- _Data section_:

►

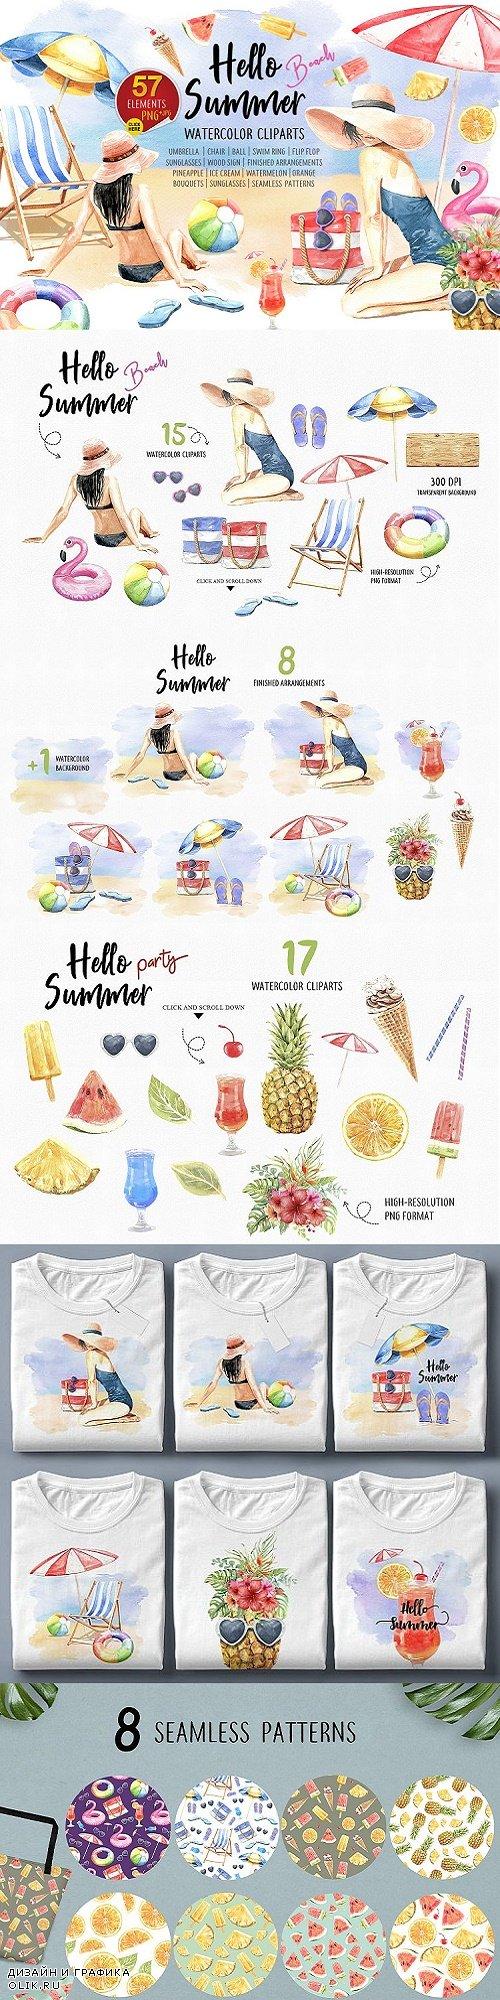 Summer Beach Party, Watercolor Women - 3914118
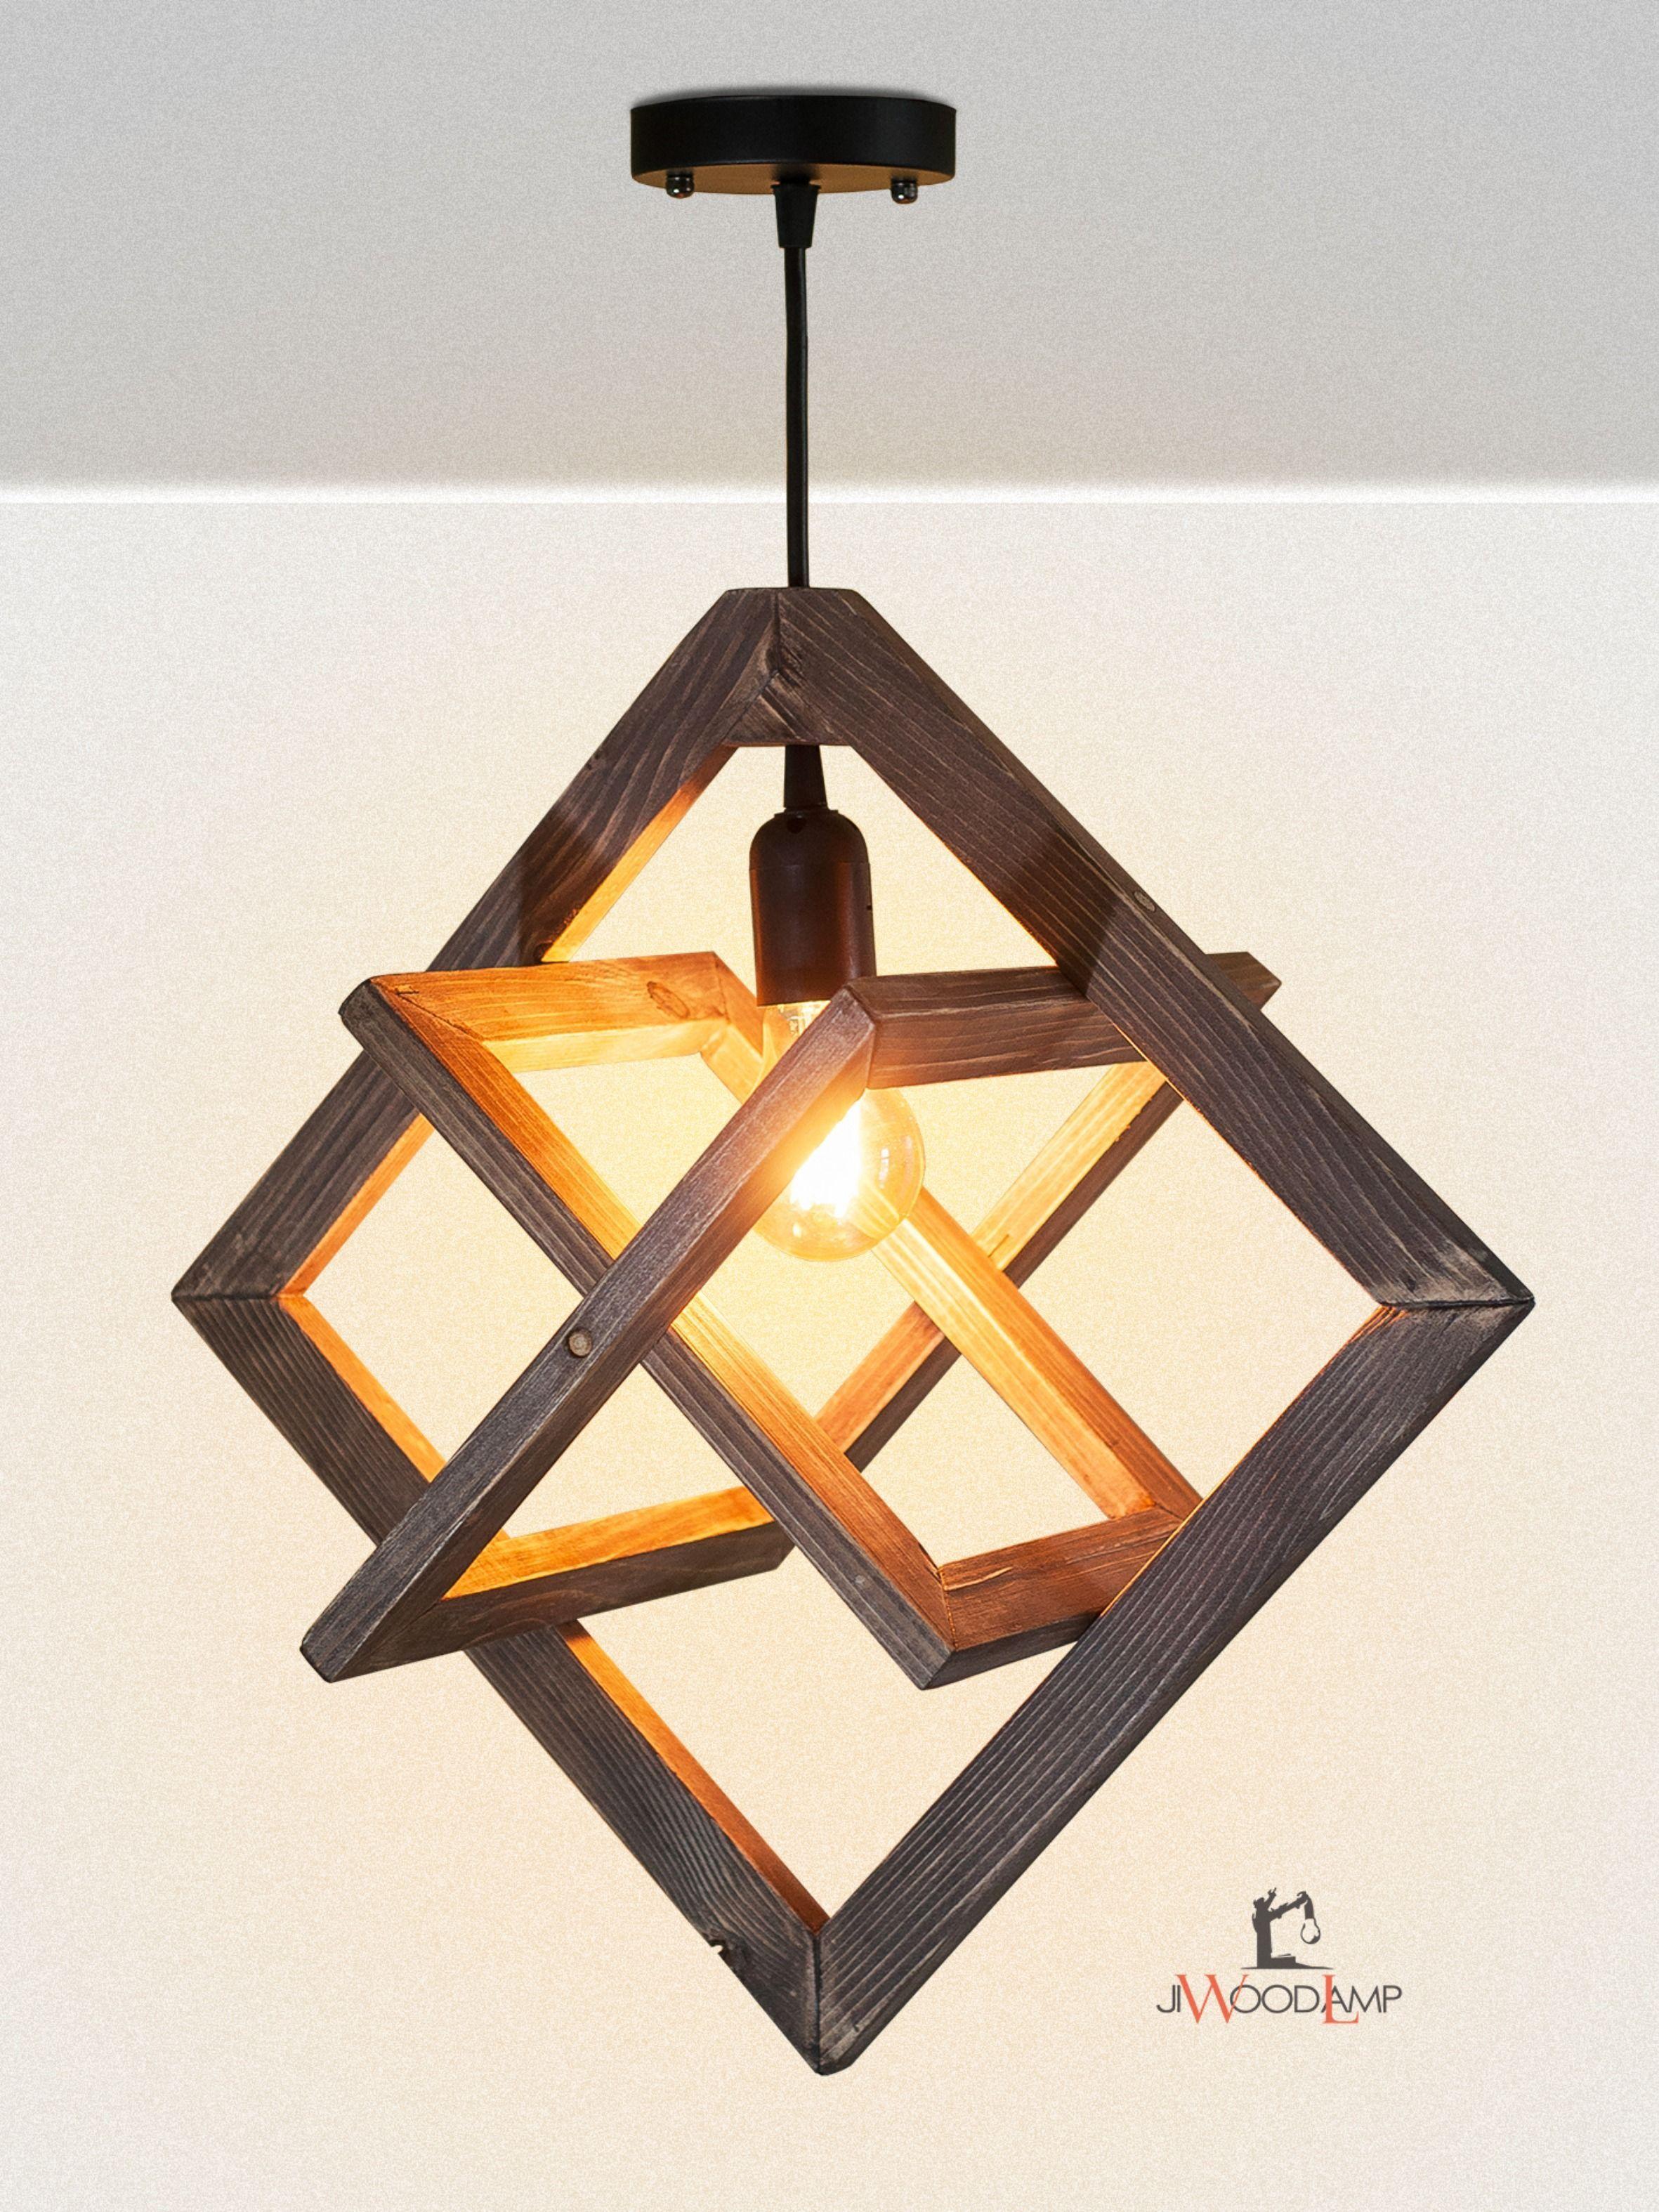 Hangelampe Aus Holz Holzlampe Aus Beleuchtung Hangelampe Holz Holzlampe In 2020 Holz Hangelampe Lampen Aus Holz Rustikale Beleuchtung
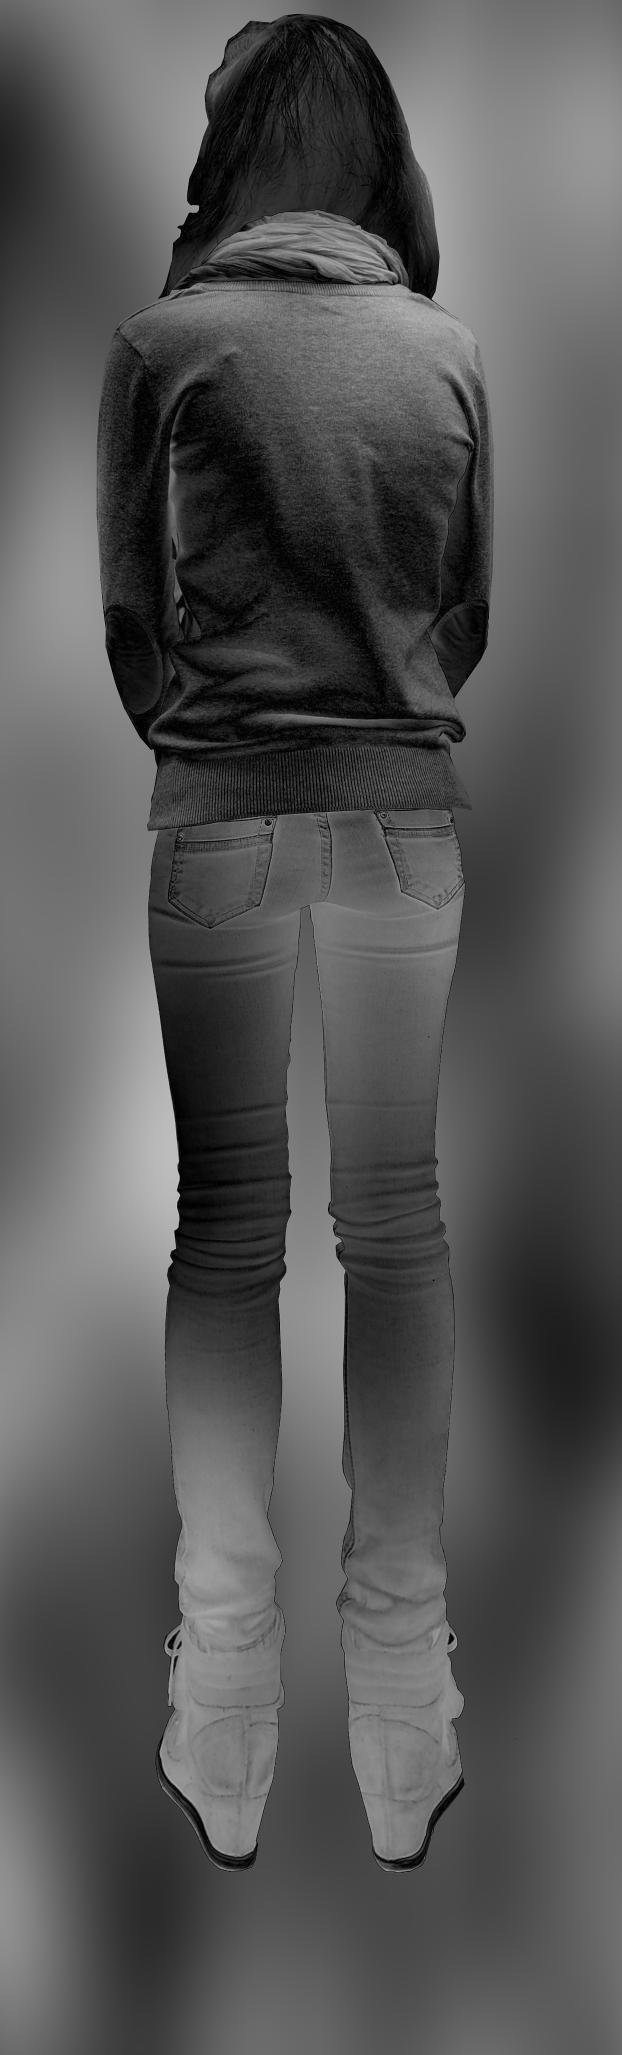 traff jeans hintern  -  Mies-Vandenbergh-Fotografie

◄

- _Exercise prompt_: From the first line to the last, please copy the data exactly, with the pictures left out.

- _Exercise result_:
 Summer Beach Party, Watercolor Women - 3914118
 Hangelampe Aus Holz Holzlampe Aus Beleuchtung Hangelampe Holz Holzlampe In 2020 Holz Hangelampe Lampen Aus Holz Rustikale Beleuchtung
 traff jeans hintern  -  Mies-Vandenbergh-Fotografie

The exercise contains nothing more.